## Instructions to follow
Exact copies of all the lines below are wanted, without a single picture.

## Provided data
*** Begin section ***
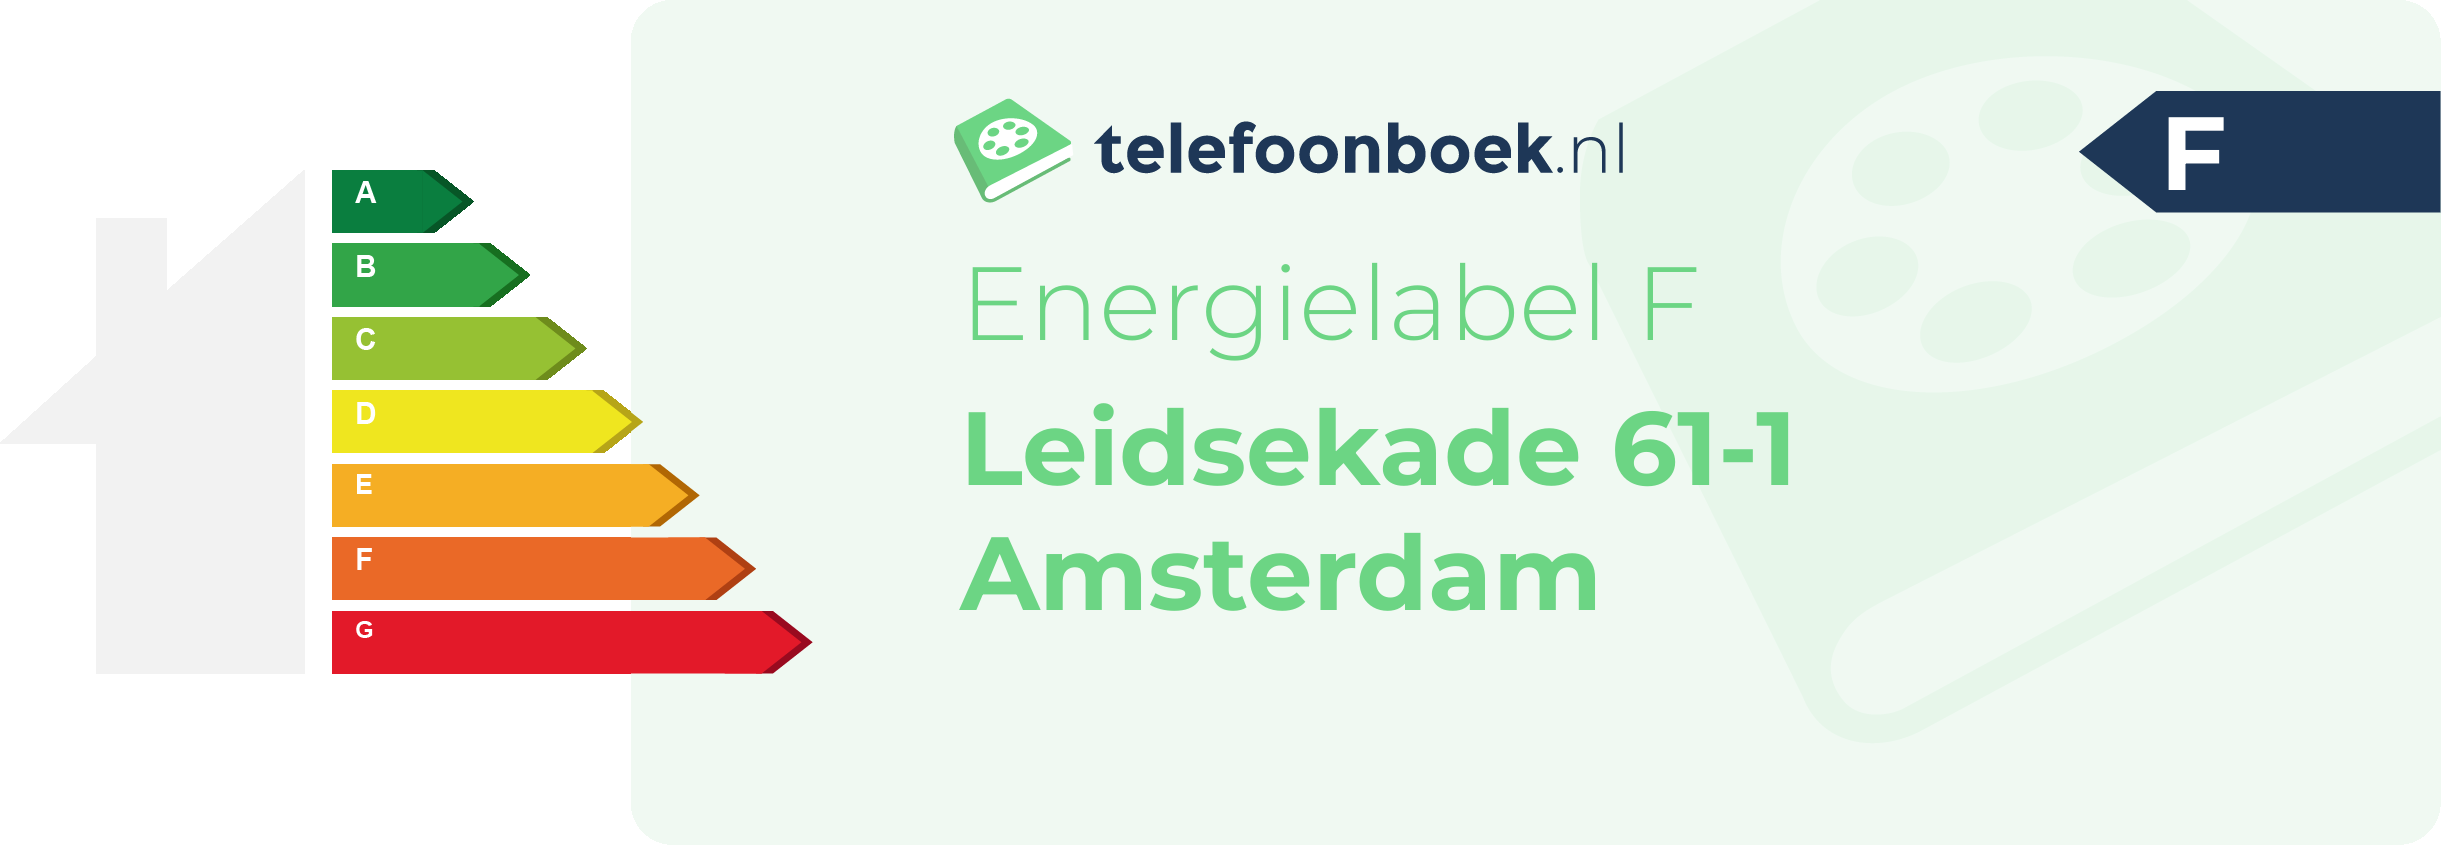 Energielabel Leidsekade 61-1 Amsterdam
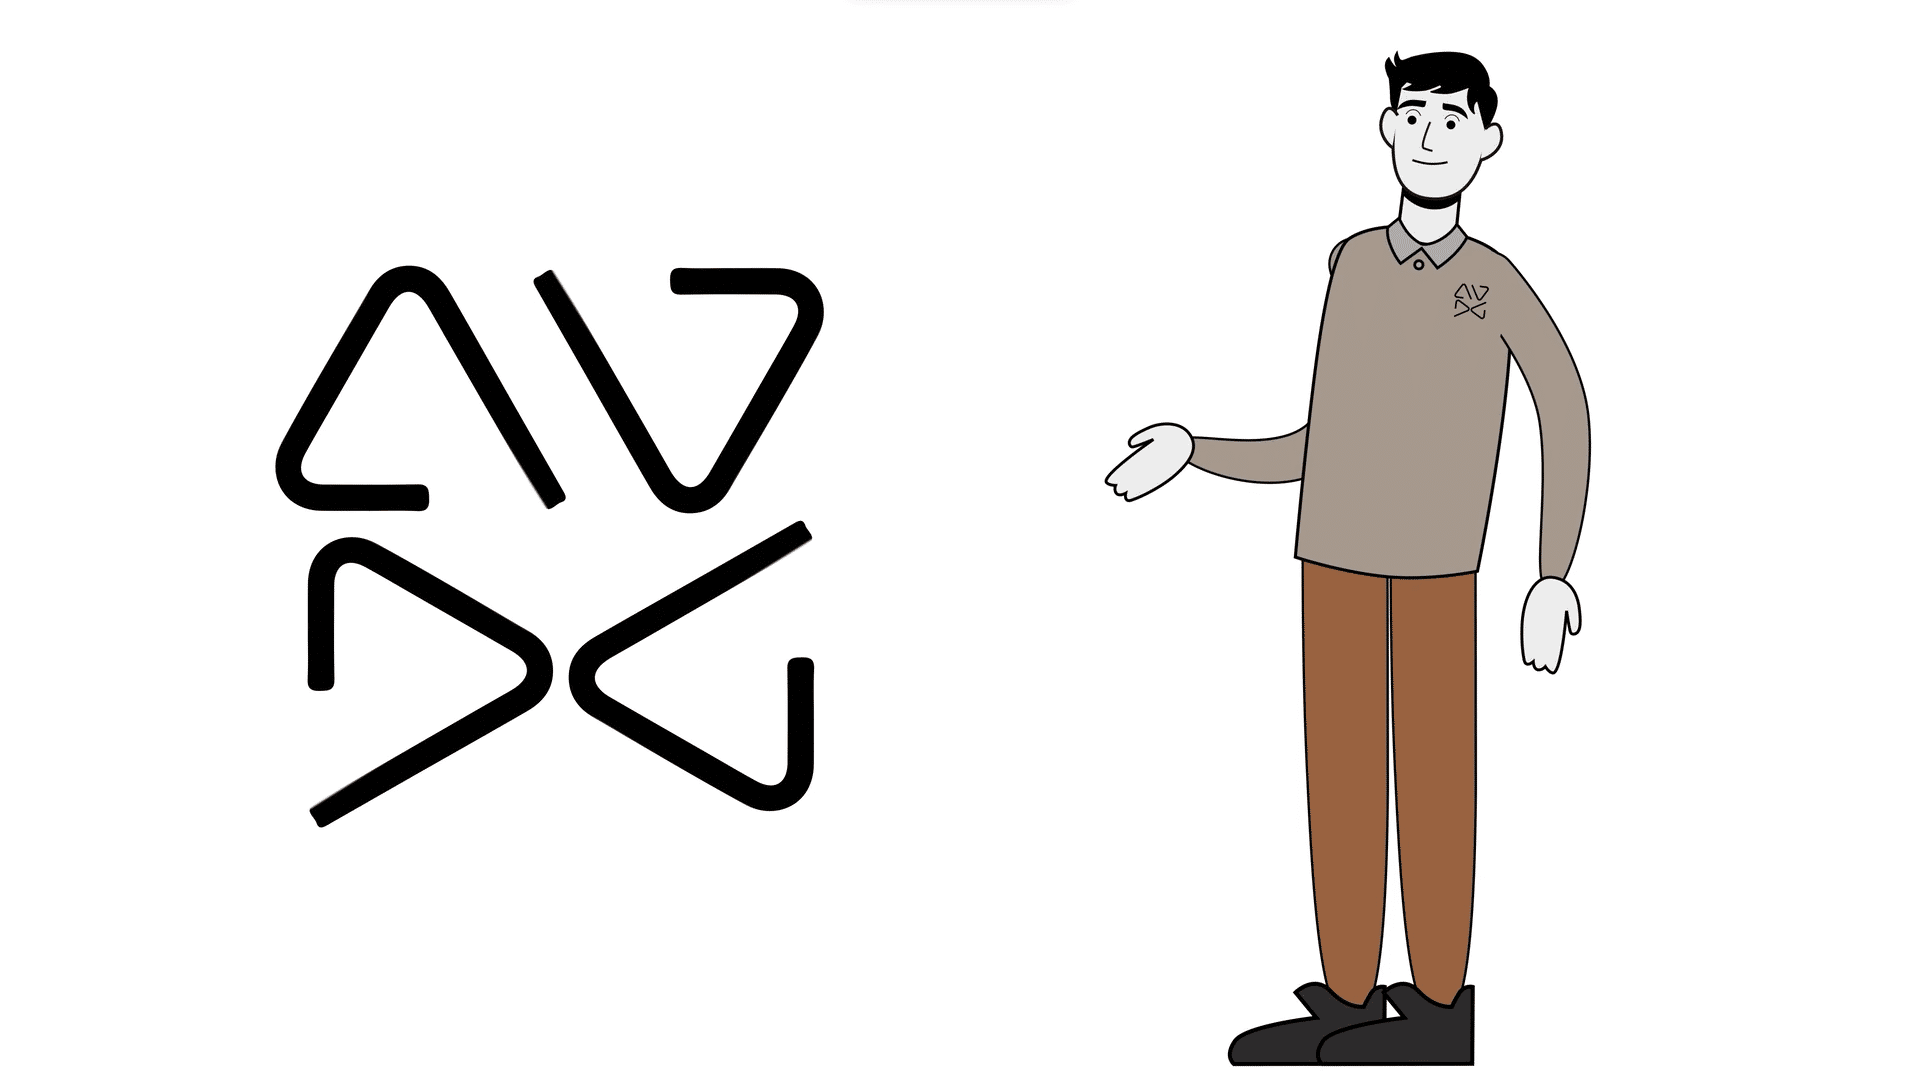 AVDG logo with animated man
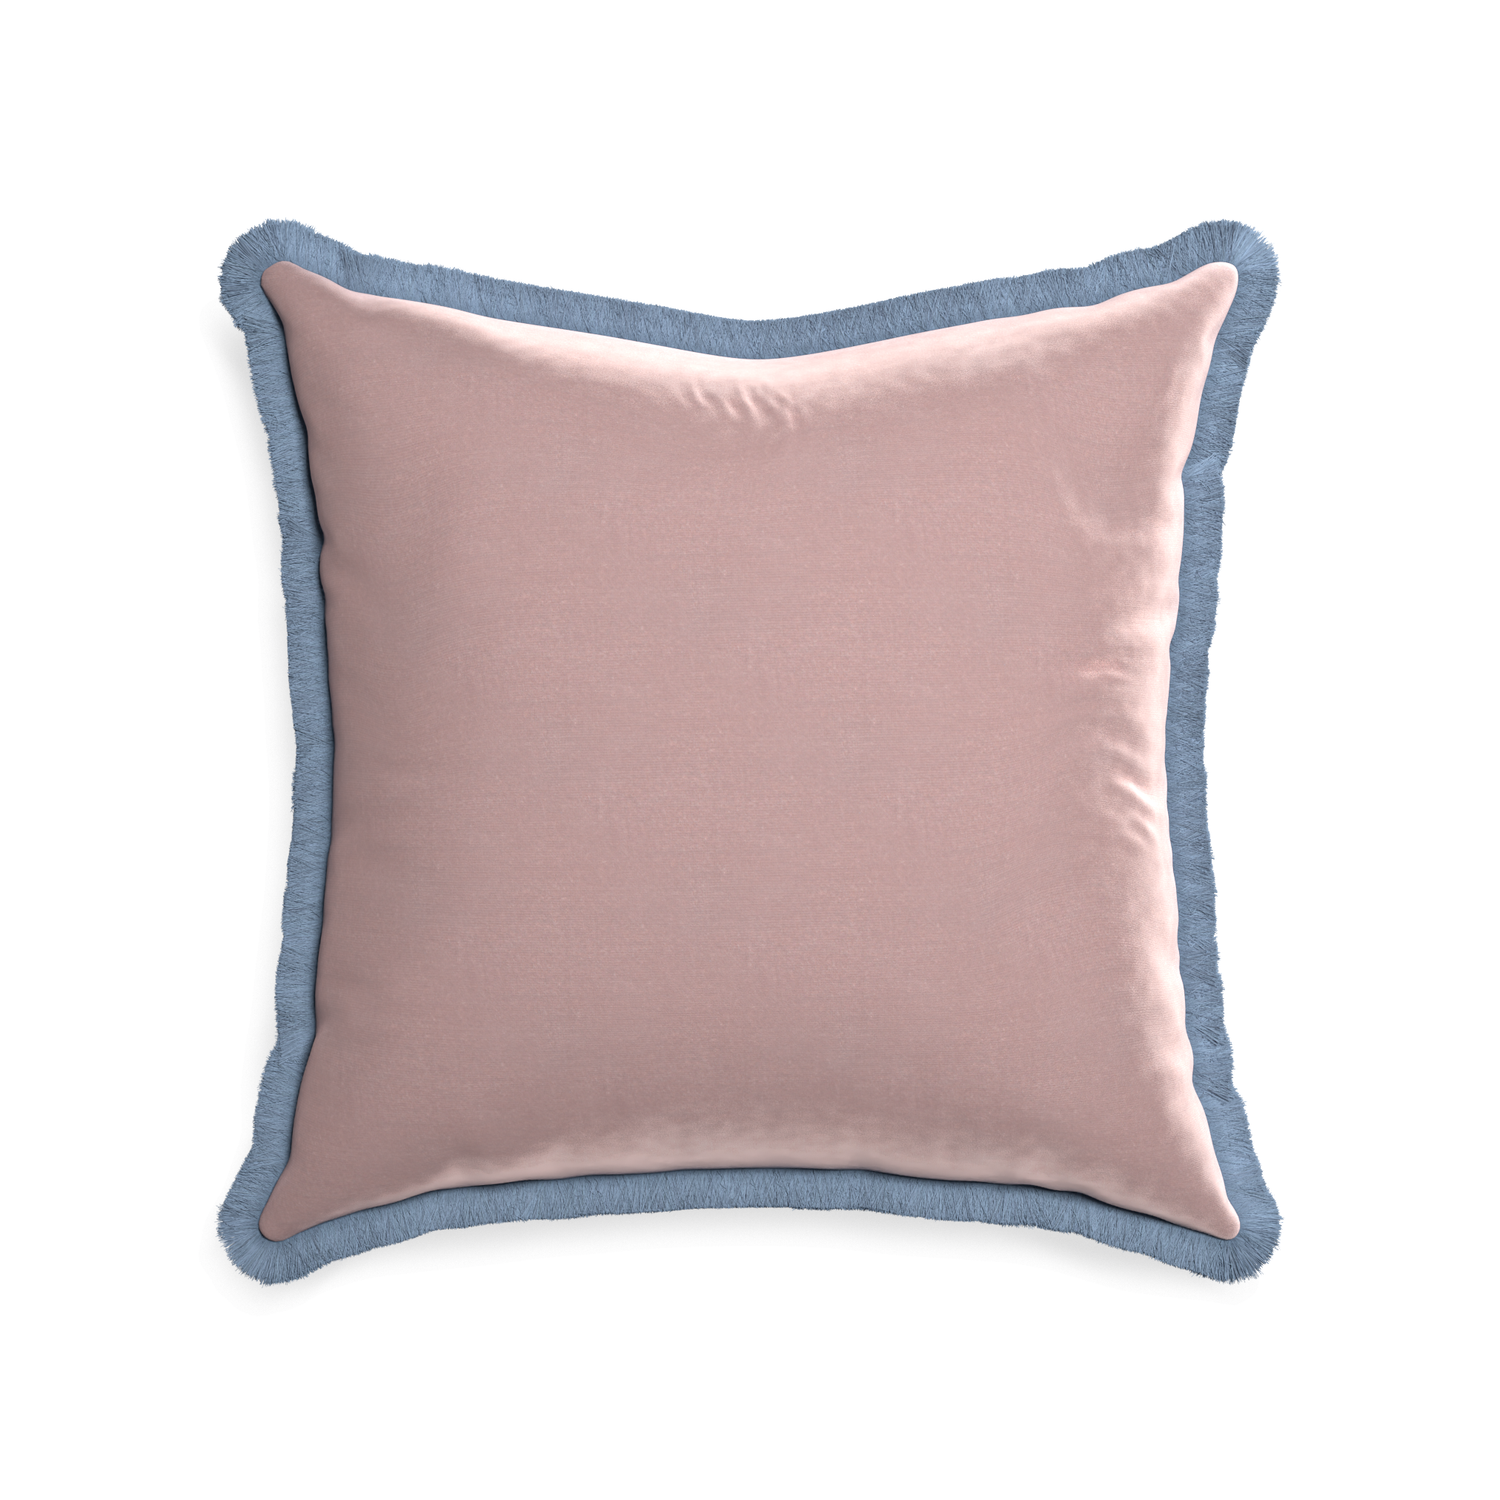 square mauve velvet pillow with sky blue fringe
*** End section ***
## Reply to the exercise
 Energielabel Leidsekade 61-1 Amsterdam
 AVDG logo with animated man
 square mauve velvet pillow with sky blue fringe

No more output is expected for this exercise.